Ребром вставал вопрос: на какой почве можно найти общий язык с народом? Вместе с тем именно в эту эпоху православие – казалось бы, такое близкое, родное и понятное для нашей страны – становится предметом пристального философского рассмотрения и осмысления. И именно православие стало видеться почвой для сближения с народом.
Евгений Трубецкой писал:
«То анархическое движение, которое на наших глазах разрастается, не может быть остановлено никакой внешней, материальной силой. Вещественное оружие бессильно, когда падает в прах весь государственный механизм. Только сила нравственная, духовная может положить предел всеобщему разложению, резне, грабежу, анархии общественной и правительственной. Христианство – та единая и единственная нравственная сила, перед которою у нас склоняются народные массы; иной у нас нет».
Можно с уверенностью утверждать, что православие, как оно было воспринято на Руси, имело одну существенную черту: слабость социальной активности. Отсюда – внешняя пассивность перед лицом власти, смирение, часто перерастающее в глухую покорность и бездеятельность. Но историческая ситуация требовала идти в «мир». Это было понятно многим. Какой путь общественного влияния выбрать? Становилось ясно, что политику не обойти.
Евгений Николаевич проницательно отмечал:
«Отказ от борьбы за мир с религиозной точки зрения может показаться весьма соблазнительным. Особенно у нас в России, при нашей наклонности к пассивной религиозности, многие увлекаются этим отрицательным решением жизненного вопроса. Настроение «неделания» в ожидании непосредственно предстоящего конца мира и скорого пришествия Христова, – свойственно многим из наших религиозных сект. Также и отождествление мирского порядка с «царством антихриста» – уклон религиозной мысли или, скорее, религиозного мироощущения, довольно у нас распространенный. Тем более необходимо предостеречь против опасности, которая создается подобного рода настроениями.
Именно признавая мирской порядок «царством антихриста», мы отдаем его во власть антихриста. А отказ от борьбы за мир есть недостойная человека, и в особенности христианина, капитуляция перед господствующим в мире злом».
Забегая вперед, скажем, что именно поэтому Евгений Трубецкой и поступит на юридический факультет Московского университета: только это направление было непосредственно связано с политикой. Он будет предпринимать самые активные попытки вхождения в политику и влияния на атмосферу общественной жизни.
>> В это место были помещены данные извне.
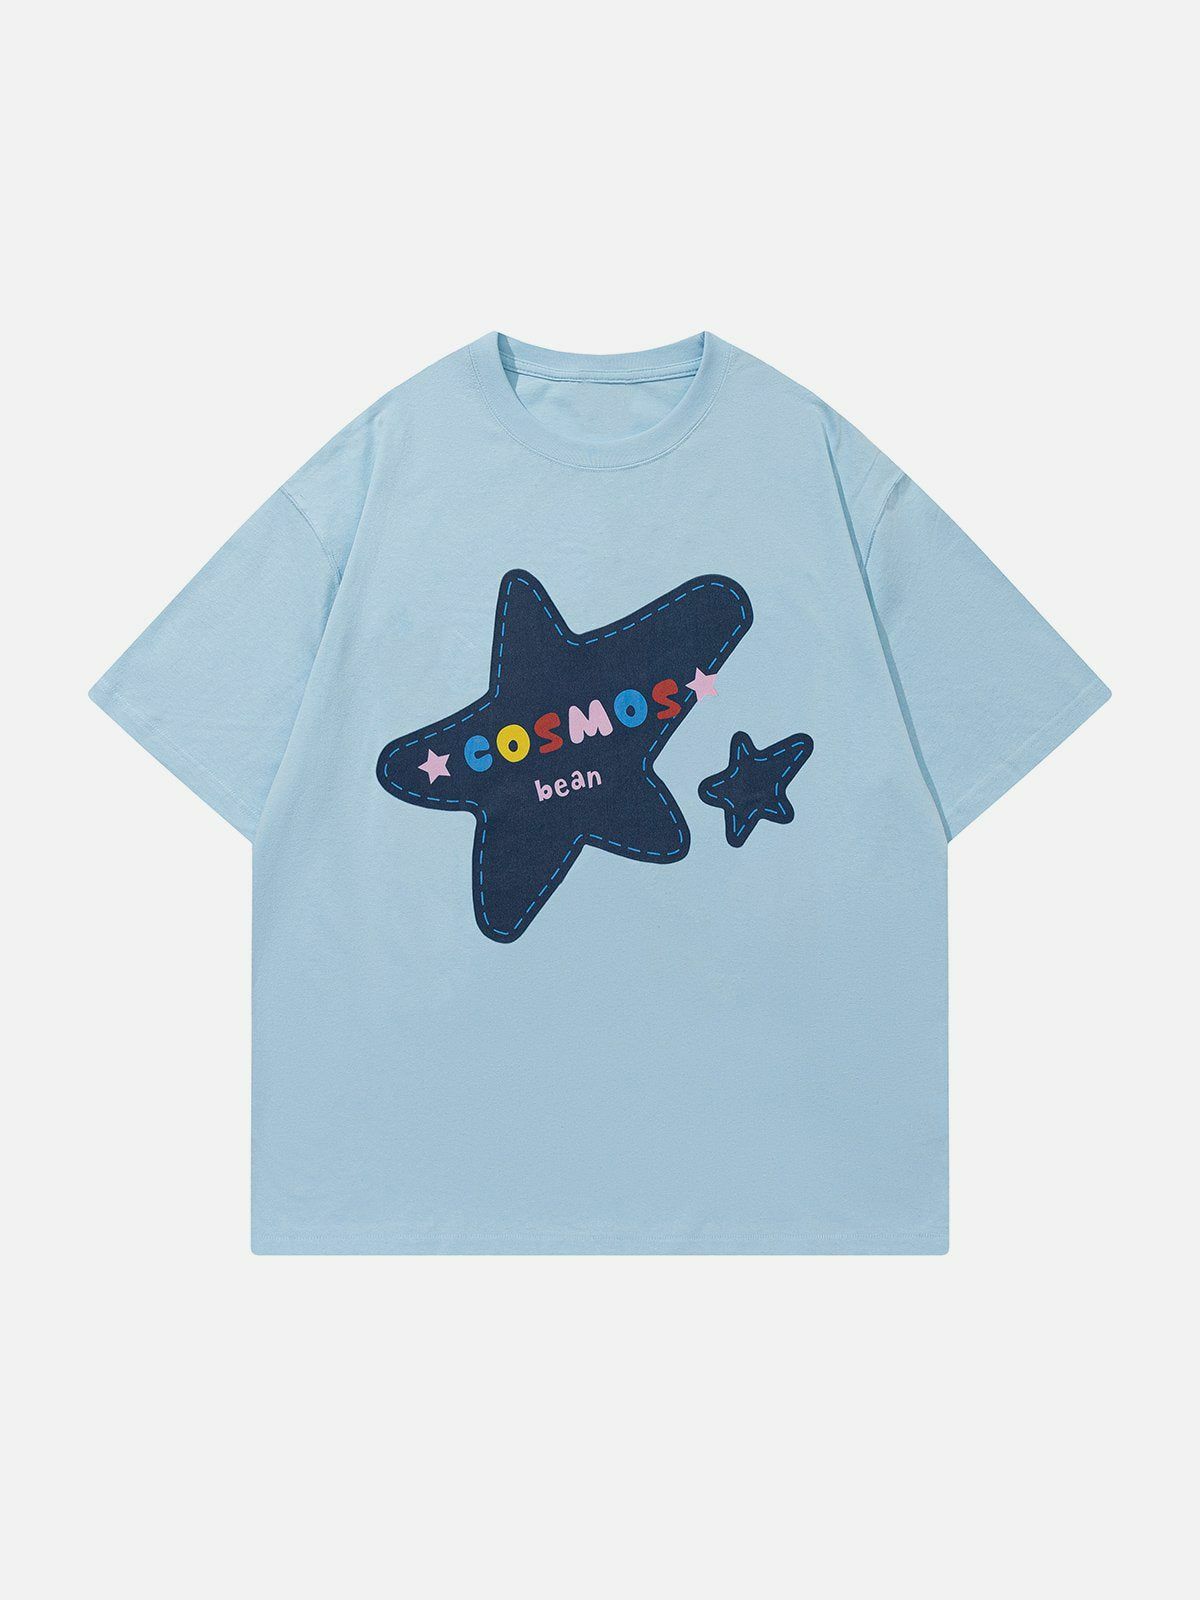 vibrant star print tee edgy  retro graphic shirt 2885

В эпохи перемен время словно уплотняется, становясь более насыщенным и «интенсивным». Событий, произошедших в жизни Евгения Николаевича, хватило бы на несколько судеб в более спокойные времена.
Счастливое детство под крылом горячо любимой матери-христианки в кругу большой семьи (кроме Евгения, у Николая Петровича Трубецкого и Софьи Алексеевны (в девичестве Лопухиной) было 8 детей) сменилось периодом отрицания. «Переход к безверию, – вспоминал Евгений Трубецкой, – совершился внезапно и, в ту минуту казалось, – необыкновенно легко».
Вслед за многими своими современниками Евгений с братом Сергеем (отметим, что все детство и юность братья были крепко связаны друг с другом и первые шаги в философии делали тоже вместе) увлеклись идеями Дарвина, Спенсера, Добролюбова и Писарева.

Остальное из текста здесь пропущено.